Mr Al Qadhi said voters could just "leave the box empty on the ballot form" - but why would someone opposed to Mr Hadi even go to a polling station, asked Osama Shamsan, 28, a media coordinator for youth demonstrators camped out in Change Square in Sanaa.

He called the election a "charade" and "a waste of money". "Abdurabu Mansour is simply being assigned to his position, not voted in," he said.

He and scores of young demonstrators have been holding rallies in the square urging Yemenis to boycott the election. They are also distributing fliers that call the GCC agreement illegitimate and contrary to the spirit of the Arab Spring uprisings.

They point out that the president's family still holds many key government positions and that Mr Hadi himself became vice president because of his close ties with Mr Saleh.

Even so, there seem to be many who think differently. Tens of thousands of anti-Saleh demonstrators have gathered around the country in recent weeks calling for his removal and on Mr Hadi to "save the country".

That so many would turn out in favour of a poll that few consider an actual election was indicative of a broader yearning for change, said April Longley Alley, a Yemen expert at the International Crisis Group, a Brussels-based research organisation.

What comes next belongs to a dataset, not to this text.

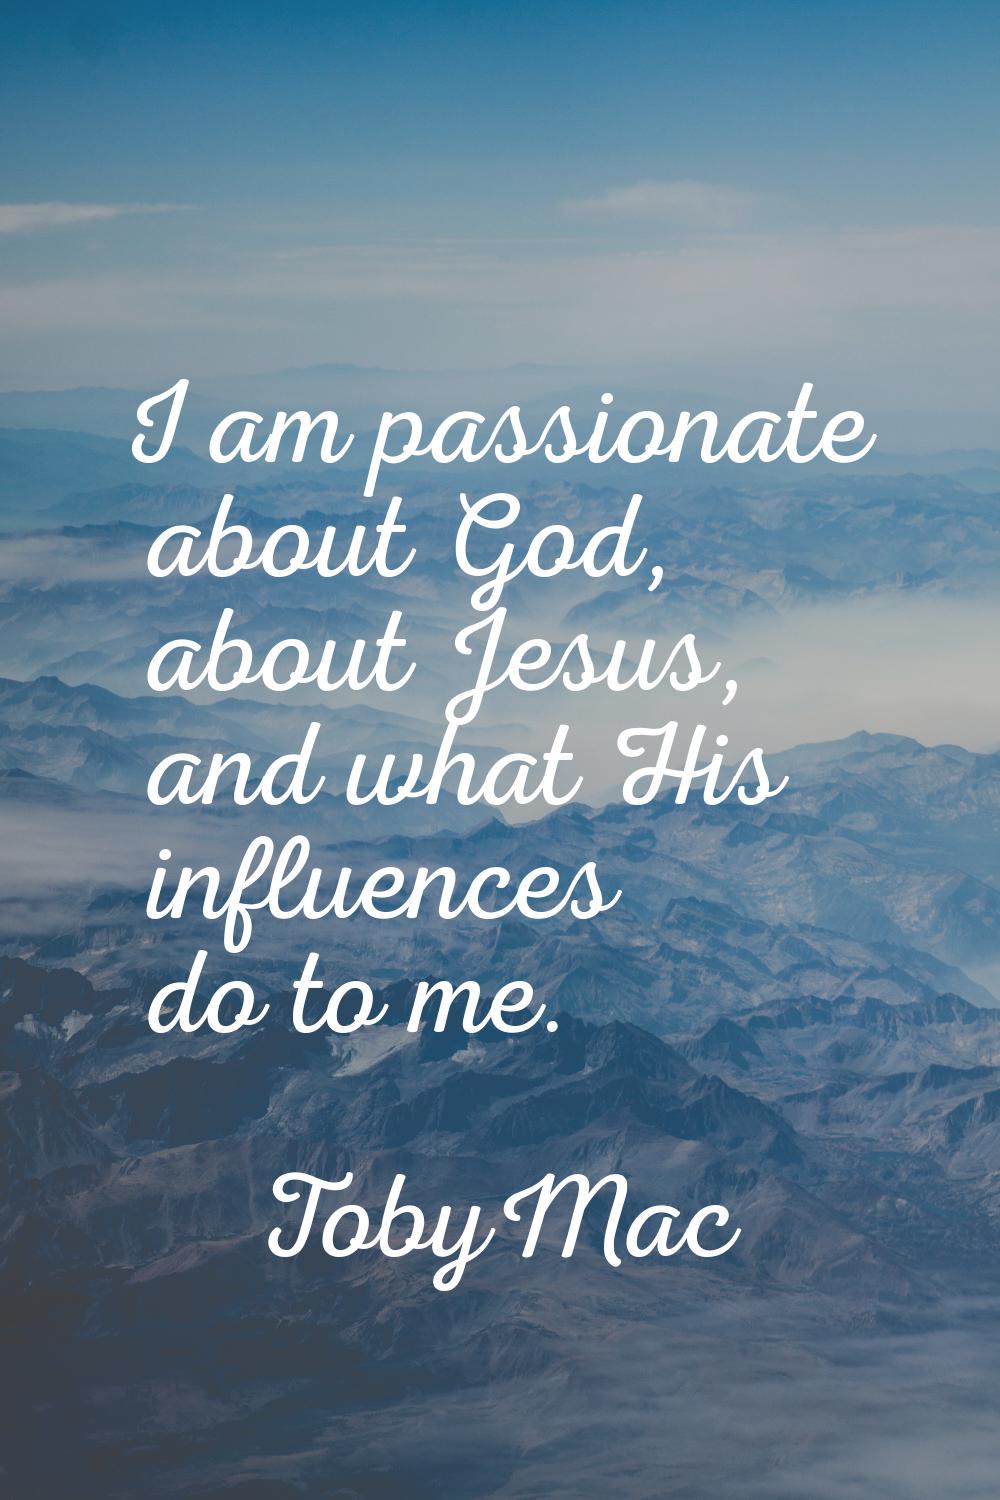 I am passionate about God, about Jesus, and what His influences do to me.

"For many Yemenis, there is a desire to have an official break with the past," she said. "The election will be a way to bestow legitimacy on the new president, to symbolically close the chapter on Saleh's rule and to move on to a new phase."

Sheikh Mufarih Bahaibih, 60, a tribal leader from the Marib governorate, has instructed all 200,000 members of his Murad tribe to participate in Tuesday's ballot.

"We want and need this to end the regime and open a new era," he said, disputing those who questioned the ballot's legitimacy.

"This is a real election to us because in the past, Saleh always won."